# 3520 ehydro wont move



## cscjd (Apr 8, 2012)

We were moving some dirt shut off the machine to refuel and now it wont move forward or reverse. Flashing error code 14. I have checked the seat safety switch and checked the voltage at the foot pedal controls. Not exactly sure of the voltage range so I went off the range from an earlier post I read for a 4410. Any suggestions before I have to call somebody would be greatly appreciated.


----------



## 2jdeeres (Apr 14, 2010)

Sounds like the problem I had with my 4310, it was the seat switch but it was at an intermediate connector where the seat switch wires plugged into the main harness. That connector had separated.


----------



## cscjd (Apr 8, 2012)

*3520 e hydro wont move*



2jdeeres said:


> Sounds like the problem I had with my 4310, it was the seat switch but it was at an intermediate connector where the seat switch wires plugged into the main harness. That connector had separated.

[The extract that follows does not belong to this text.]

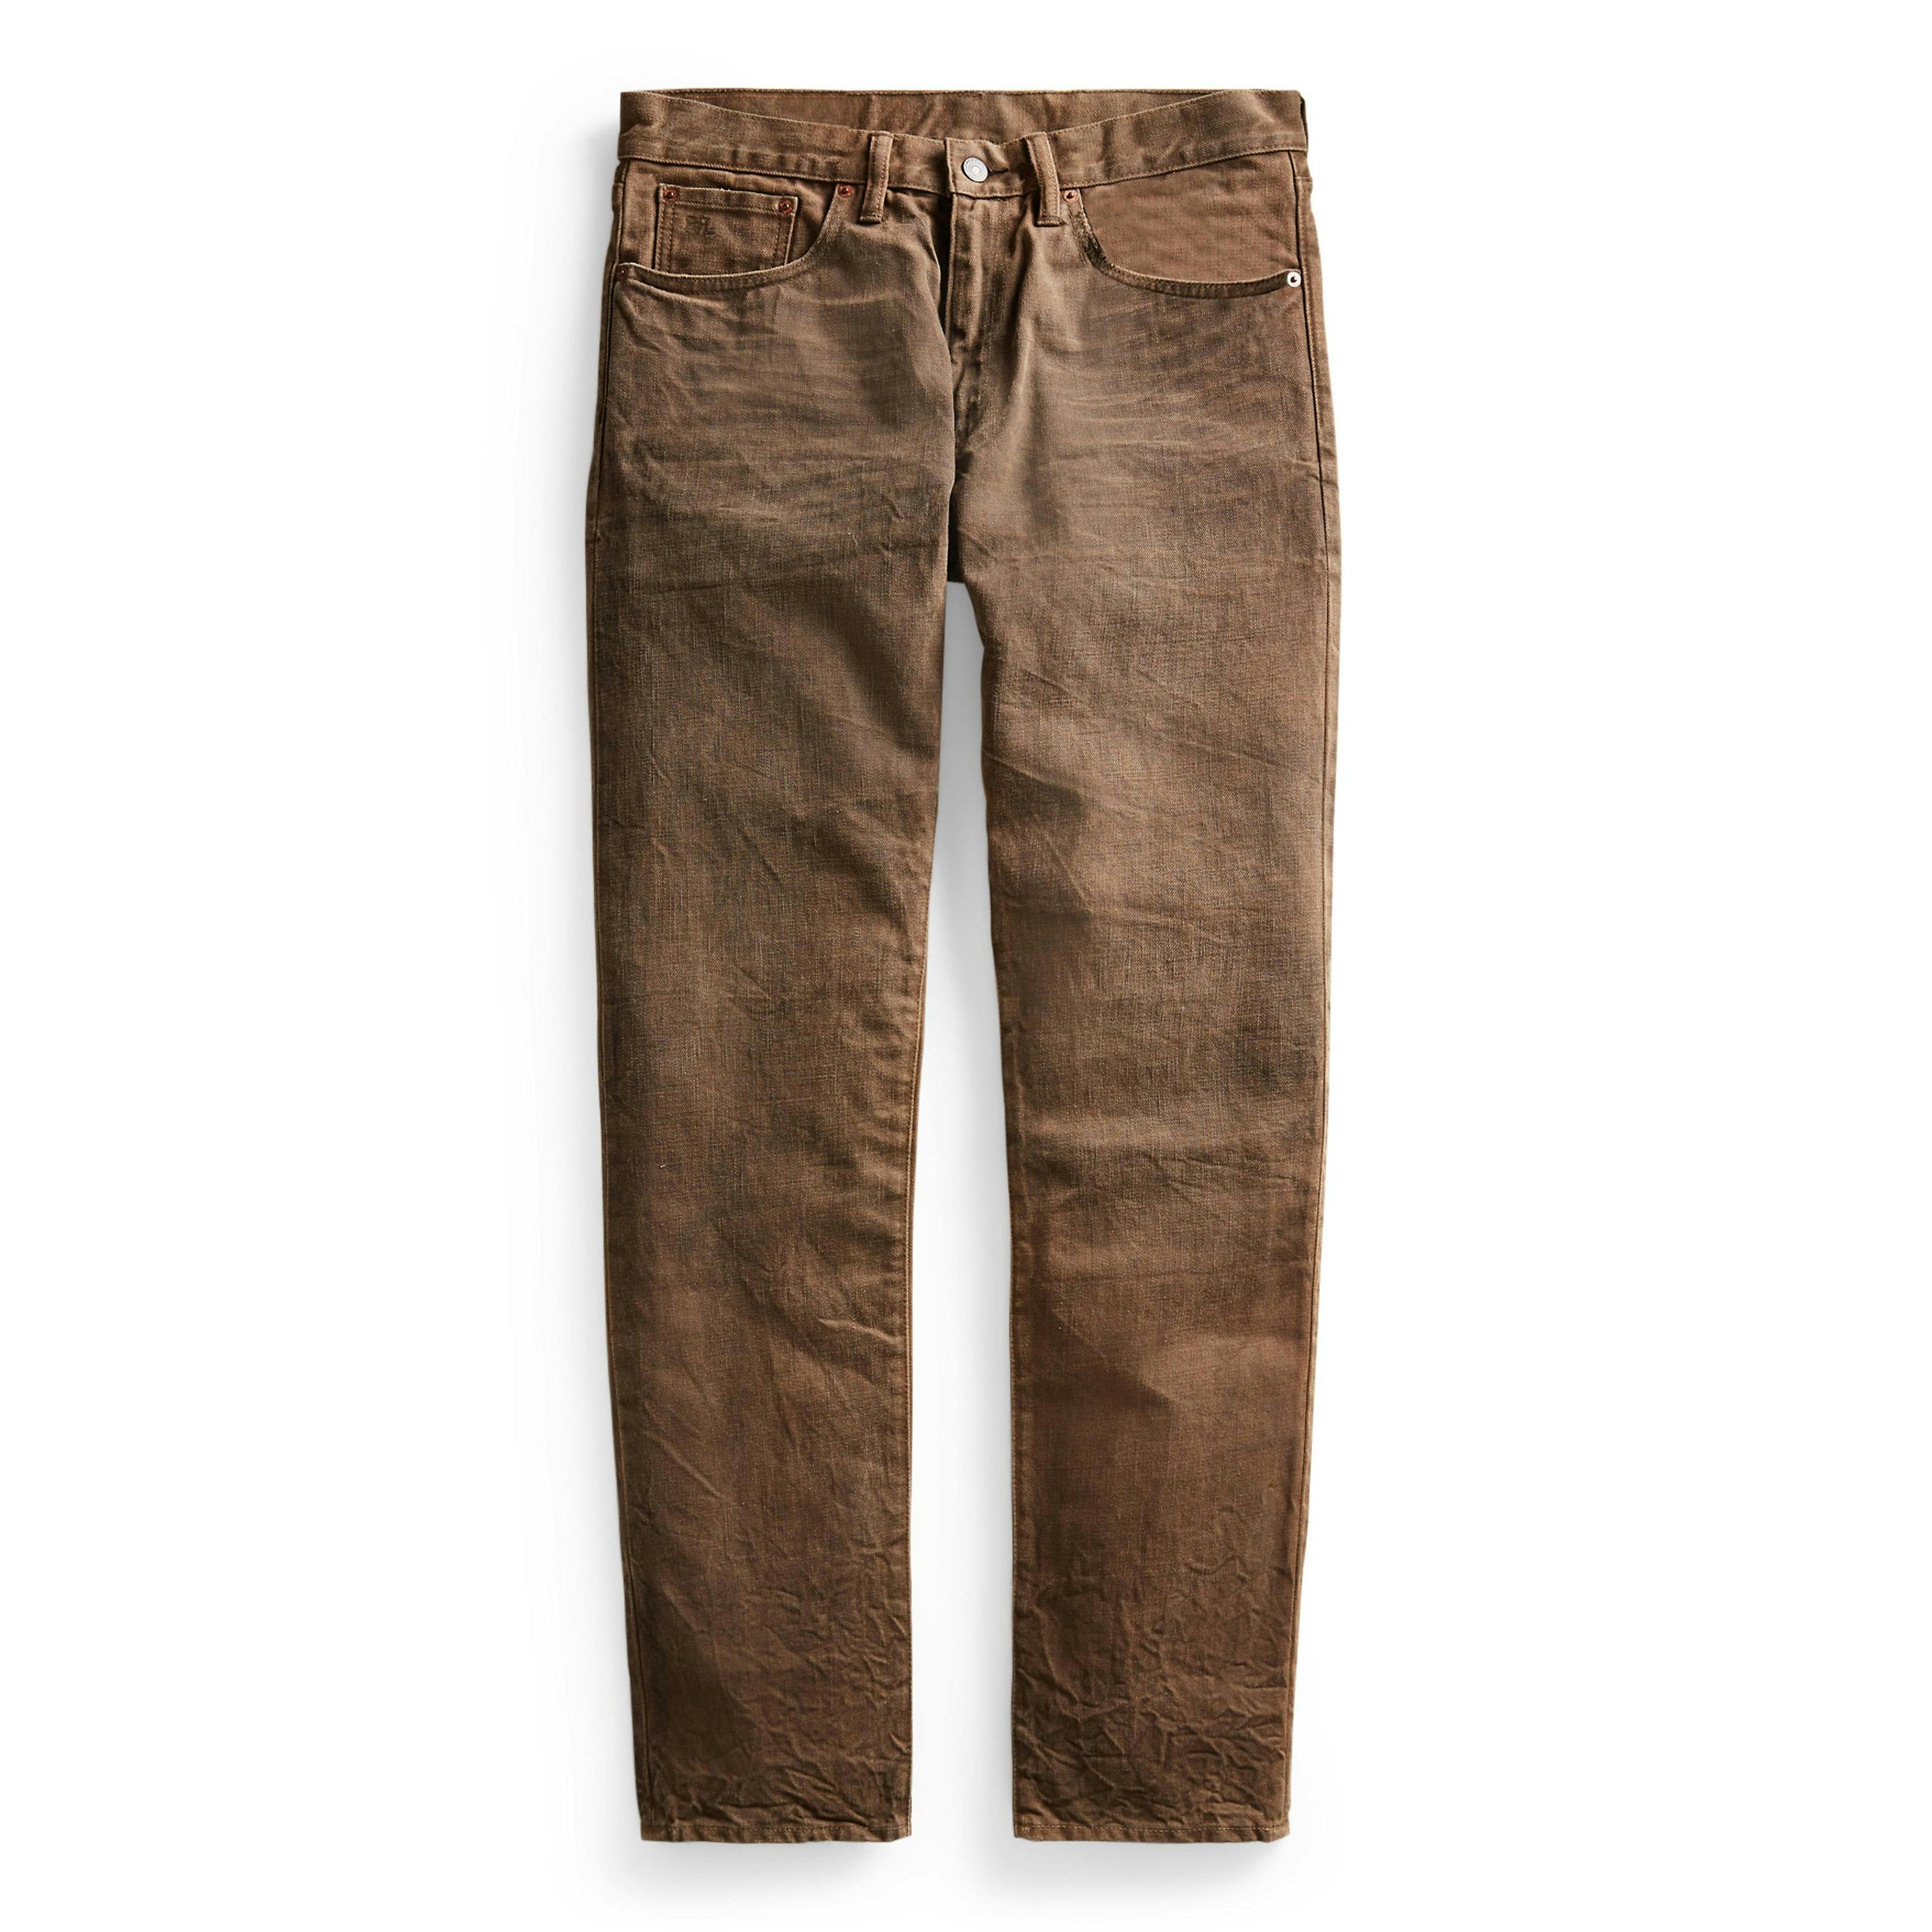 Huckberry | RRL Distressed - Jeans | Denim Fit Stretch Slim Wash Brown

Thanks man, I found the intermediate connector for the seat safety switch near the rear differential and checked with voltmeter . The connector is OK, still not moving though.


----------



## Upper5Percent (Jul 29, 2008)

Err 14


Pump Current.


Coil resistance too high (open) or too low (short).


Machine does not drive.


Contact your John Deere dealer.


----------